Part 7: Transition to New Zealand equivalents to International Financial Reporting Standards
7.1
In this Part, we:
- comment on our increasing unease with New Zealand equivalents to International Financial Reporting Standards (NZ IFRS) for the public sector; and
- report on the local government sector’s experience with preparing annual financial statements in accordance with NZ IFRS for the first time in 2007.
Summary
7.2
We are becoming increasingly concerned about the credibility of NZ IFRS for the public sector. If appropriate and sensible changes are not made to NZ IFRS in the future, there is an increasing risk that the resulting set of standards will not be of high quality, nor ultimately “fit for purpose” for the public sector.
7.3
We have raised our concerns with the chairman of the Accounting Standards Review Board (ASRB) because we consider that continuing with the current approach is not in the best interests of the public sector. We consider that the ASRB understands the nature of our concerns and that the ASRB is trying to address the causes of the underlying problems within the current standard-setting environment.
7.4
The transition to NZ IFRS has been a significant challenge for the local government sector. Many local authorities coped extremely well with these challenges, while other local authorities have struggled. One result of this has been a significant increase in the number of local authorities that did not adopt their annual report within the statutory deadline.
7.5
The transition to NZ IFRS has also come at significant cost to the sector, particularly in terms of staff time. It remains to be seen whether the benefits of NZ IFRS will justify these additional costs.
7.6
Because of the variety of assets, liabilities, revenues, and expenses of local authorities and their controlled organisations, there were many different adjustments made in the transition to NZ IFRS.
Background
7.7
In December 2002, the ASRB announced its decision that New Zealand entities producing general-purpose financial statements would be required to apply new standards based on International Financial Reporting Standards (IFRS) for reporting periods beginning on or after 1 January 2007. Entities were given the option to apply the new standards from reporting periods beginning on or after 1 January 2005.
7.8
Nearly all local authorities and many of their subsidiaries and associated entities adopted these standards for their financial statements for the year ended 30 June 2007. To prepare their first NZ IFRS-compliant financial statements, local authorities had to establish an opening balance sheet as at 1 July 2005 and restate the figures for the year ended 30 June 2006 in keeping with NZ IFRS.
Increasing unease with NZ IFRS for the public sector
7.9
In our view, irrespective of the approach to setting financial reporting standards, an overriding objective of standard setting should be to set high quality standards that meet the needs of people using the financial statements of those entities that apply the standards.
7.10
The decision toward the end of 2002 to base New Zealand financial reporting standards on IFRS (which are written to be applied by large profit-oriented entities) was made with the acknowledgement that the needs of the public sector are different to the private sector. They would therefore, in some circumstances, require different treatment. In our view, NZ IFRS will result in high quality standards for the public sector only if they are seen to:
- specifically consider public sector issues and the needs of people using public sector financial statements;
- incorporate appropriate changes to IFRS so that the public sector is able to sensibly apply them; and
- incorporate appropriate guidance to assist the public sector to apply the standards.
7.11
We are becoming increasingly concerned about the credibility of NZ IFRS for the public sector. We consider that the three factors listed above are not happening in all instances. If appropriate and sensible changes are not made in the future, there is an increasing risk that the resulting set of standards will not be of high quality, nor ultimately “fit for purpose” for the public sector.
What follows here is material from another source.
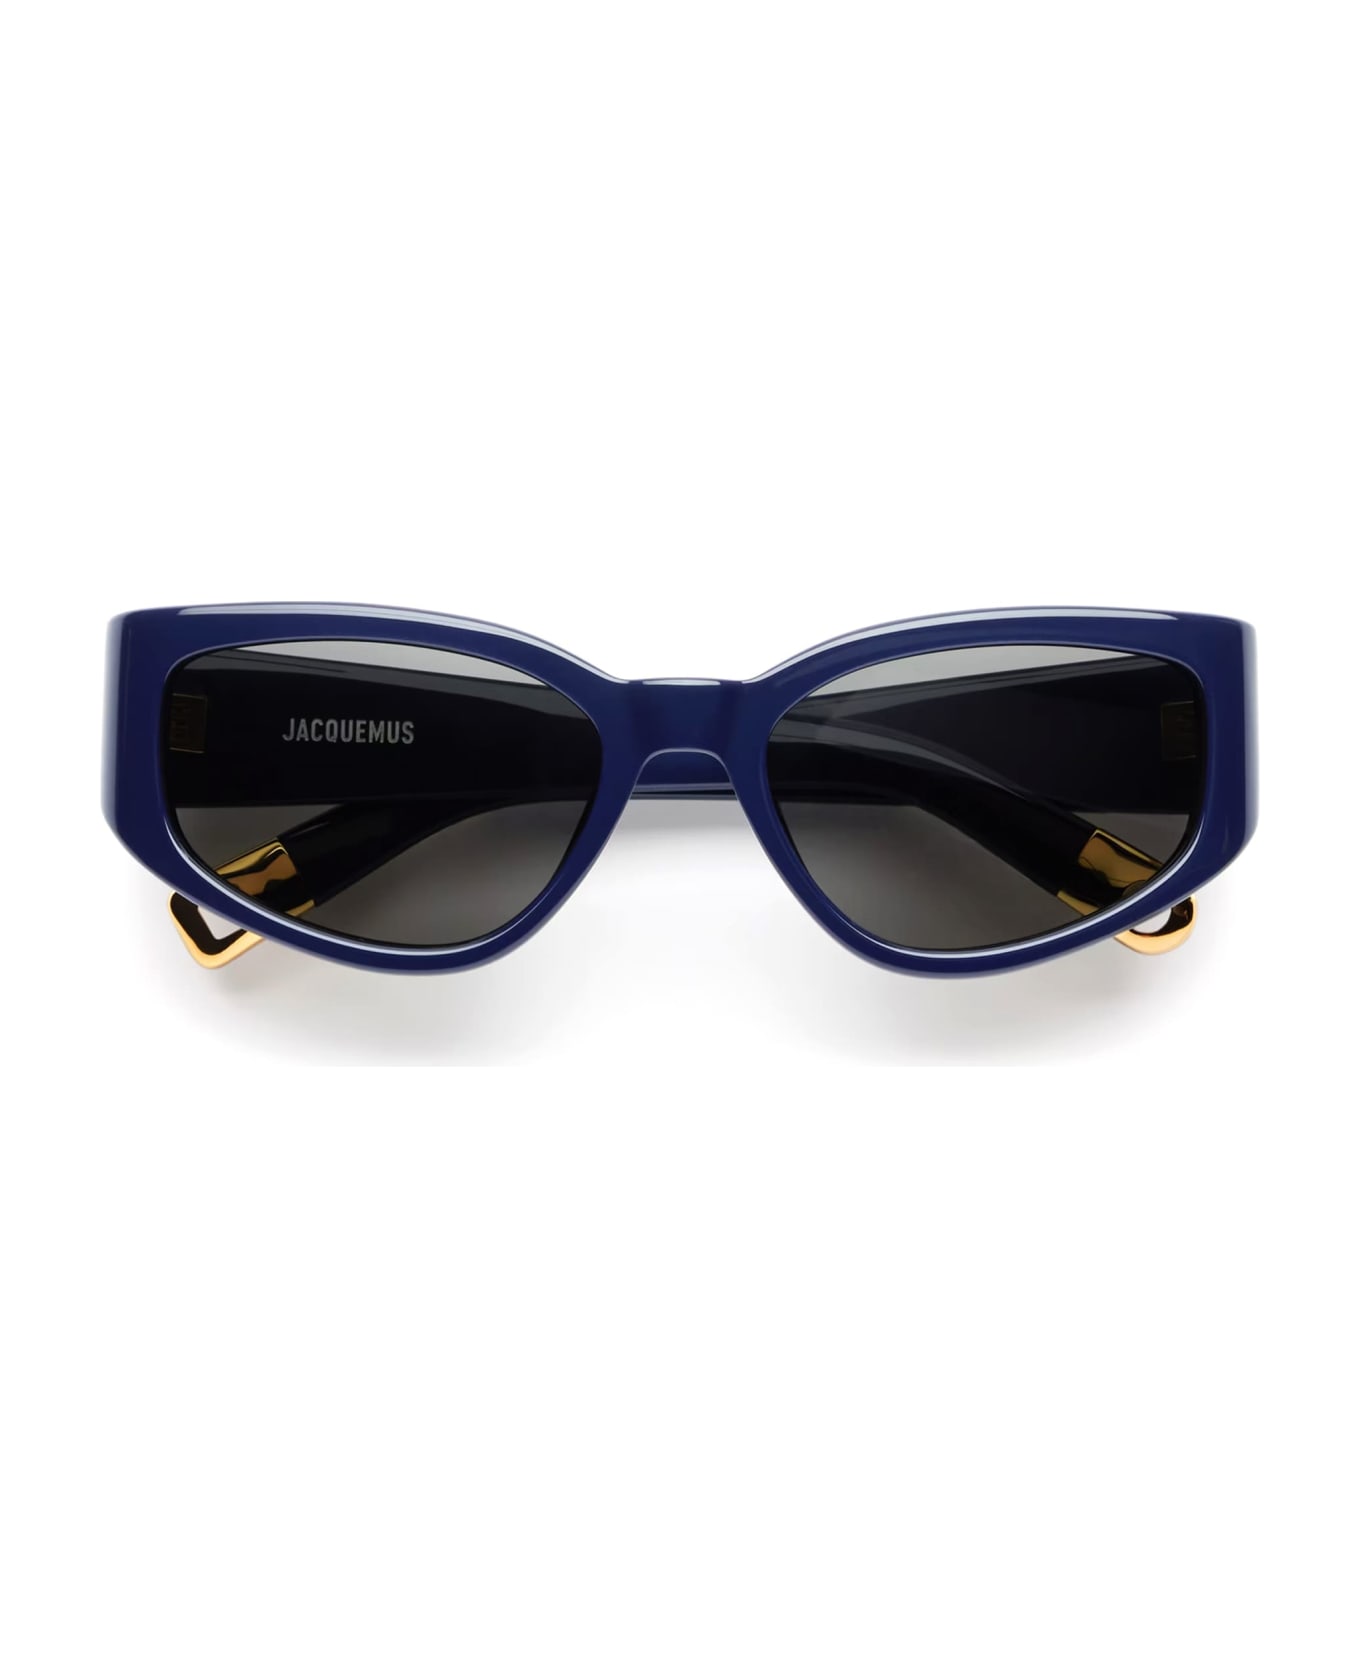 Jacquemus Gala - Navy Sunglasses - navy blue サングラス

Concerns that public sector issues are inadequately addressed
7.12
We acknowledge that NZ IFRS provides a more complete set of standards than the standards previously applied. For example, under the previous standards there was no recognition and measurement standard dealing with financial instruments. NZ IFRS includes such a standard.
7.13
However, issues raised by public sector constituents about proposed standards do not always appear to be appropriately addressed. At the extreme, not appropriately addressing concerns can have serious implications for the usefulness of financial statements.
7.14
For example, widespread concerns were raised throughout the public sector about a requirement to capitalise borrowing costs to certain assets and its implication for depreciated replacement cost valuations of assets, which are common in the public sector, particularly in local government. No changes were made to the standards or guidance issued as a result of the concerns raised. We fear that the reliability of valuations will be seriously impaired as a result of the requirement to capitalise borrowing costs to certain assets. The scope of some audits may be limited, thereby affecting the nature of the audit reports issued. We also have reservations that the costs and benefits of compulsory capitalisation have not been adequately assessed.
7.15
Also, some types of non-commercial transactions, which are common in the public sector, do not appear to have been addressed in the development of some standards. Examples include:
- making “loans” to non-related entities, with no interest and/or no fixed repayment terms or flexible interest options and/or flexible repayment terms; and
- providing funds documented as a loan, but otherwise exhibiting the characteristics of equity.
7.16
There have been very few disclosure changes made to NZ IFRS, meaning public sector entities are required to provide the same disclosures as large profit-oriented entities. People throughout the public sector have commented that NZ IFRS requires voluminous disclosures, many with questionable relevance to people using the financial statements of public sector entities. In some cases, NZ IFRS do not require disclosures that may be considered more relevant to those users. Once again, we have concerns that the costs and benefits of NZ IFRS disclosures may not have been adequately assessed for the public sector.
7.17
One of the important implications of standards that do not fully respond to the needs of the public sector is the increasing scope for different interpretations of the requirements in the standards. We are already seeing many cases where the requirements within NZ IFRS are interpreted differently. We are likely to need to produce significantly more interpretations of the requirements than we needed to under the previous standards. Our strong preference is for the standards to be clear so that public sector entities and their auditors consistently interpret the requirements — without us needing to issue numerous interpretations.
7.18
We have concerns with the manner in which standards are currently being developed, and in particular the criteria being applied to when changes are made to IFRS for public benefit entities. However, we are also becoming increasingly uneasy about the appropriateness of NZ IFRS for the public sector in the future.
7.19
We are aware of developments in international standard-setting that have us questioning the appropriateness of IFRS as the basis for public sector financial reporting standards in the longer term. The conceptual framework within which IFRS are set is undergoing revision (which could take five years), and early indications are that the revised framework will be heavily focused on cash flows and the information needs of investors, financiers, and creditors typically found in the private sector. Such a framework would be quite inappropriate for most of the public sector. In our view, it is going to become increasingly difficult to try and accommodate the public sector within such a regime.
7.20
Also, other big international projects to look at financial reporting in areas such as business combinations and liabilities have the potential to significantly change financial reporting in the public sector. Without adequately considering the needs of people using the financial statements prepared for public sector entities (and, as a consequence, appropriate changes to NZ IFRS for public benefit entities), the resulting standards will, in our view, undermine the quality of reporting by the public sector.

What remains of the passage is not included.